Post
Topic
Board Bitcoin Discussion
Re: Bitcoin Halving effect
by
criptoevangelista
on 25/01/2024, 17:18:19 UTC
As we all are aware Bitcoin Halving is excepted to happen around April-May2024. Dare I say whatever price BTC sits on today is irrelevant and can expect an exponential growth after May2024. If we look back at each time Bitcoin Halving took place in the past (November2012,July2016 and May2020) We have seen tremendous growth in prices due to supply shock. I think anyone who truly believes in Bitcoins future could not ask for a better timing to invest into it right now.

Even for those who want short term goals could easily see their investments grow like crazy by next halving which be in 2028.

"Those that fail to learn from history are doomed to repeat it"

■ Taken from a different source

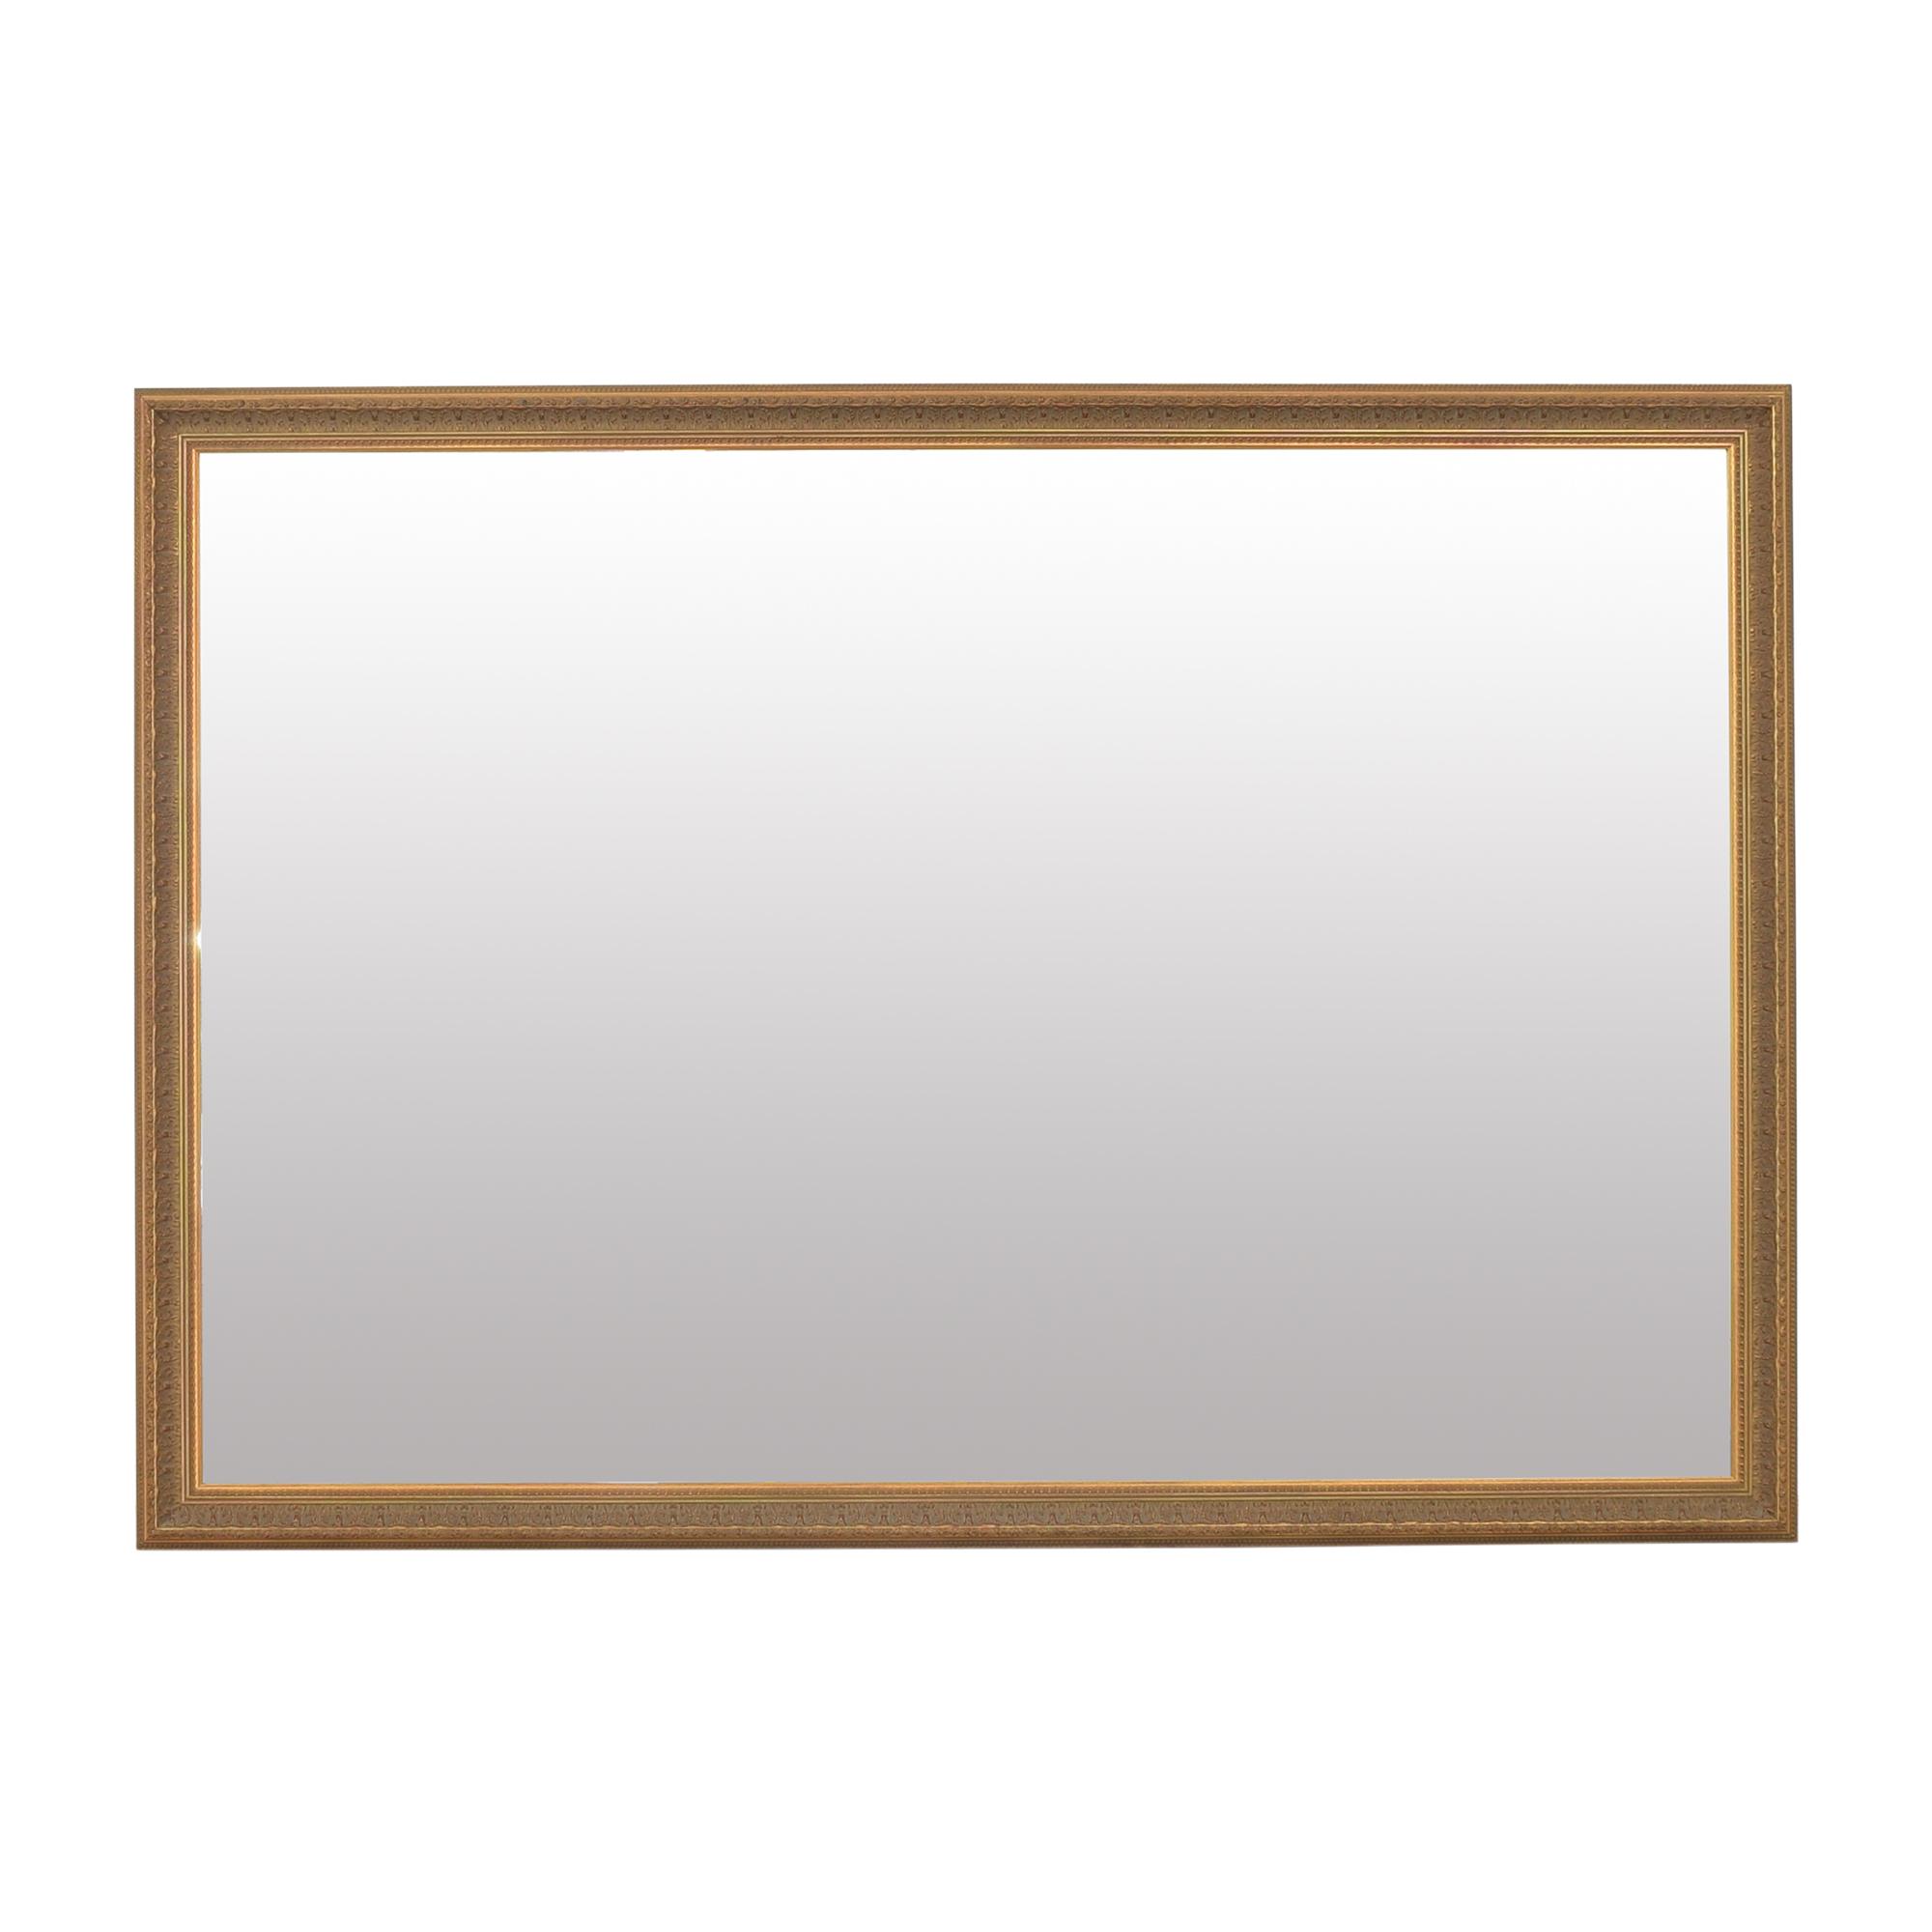 buy  Large Ornate Rectangular Mirror online

This is just something i thought i would share with the community if someone wasn't aware but let me know what you believe and also please feel to share your thoughts on this even if you disagree with whatever i've said above.
The growth wasn't necessarily due to supply shock, as you put it. Growth seems to happen after halving, but not immediately after it, and perhaps it can't even be directly attributed to it. It can be just FOMO due to being reminded that fewer and fewer coins are entering the total supply, or just increased demand because of some Bitcoin cycles taking a certain period of time. It's not so easy to measure, and there haven't been many halvings to say that it's a strong correlation. Halvings will keep happening, but I think Bitcoin would grow by 2028 even if the halvings stopped all of a sudden.

Nowadays it's more due to FOMO from past stories and natural market movement. Due to the reduction in supply through mining companies, the impact will not be much because more than 90% of the supply has already been extracted.

I'm just curious to know what it will be like when the block reward is less than 1BTC. At some point in history (I don't know if I'll be alive to see this in the future, I believe it will take decades) they will have to review whether 8 decimal places are enough for Bitcoin.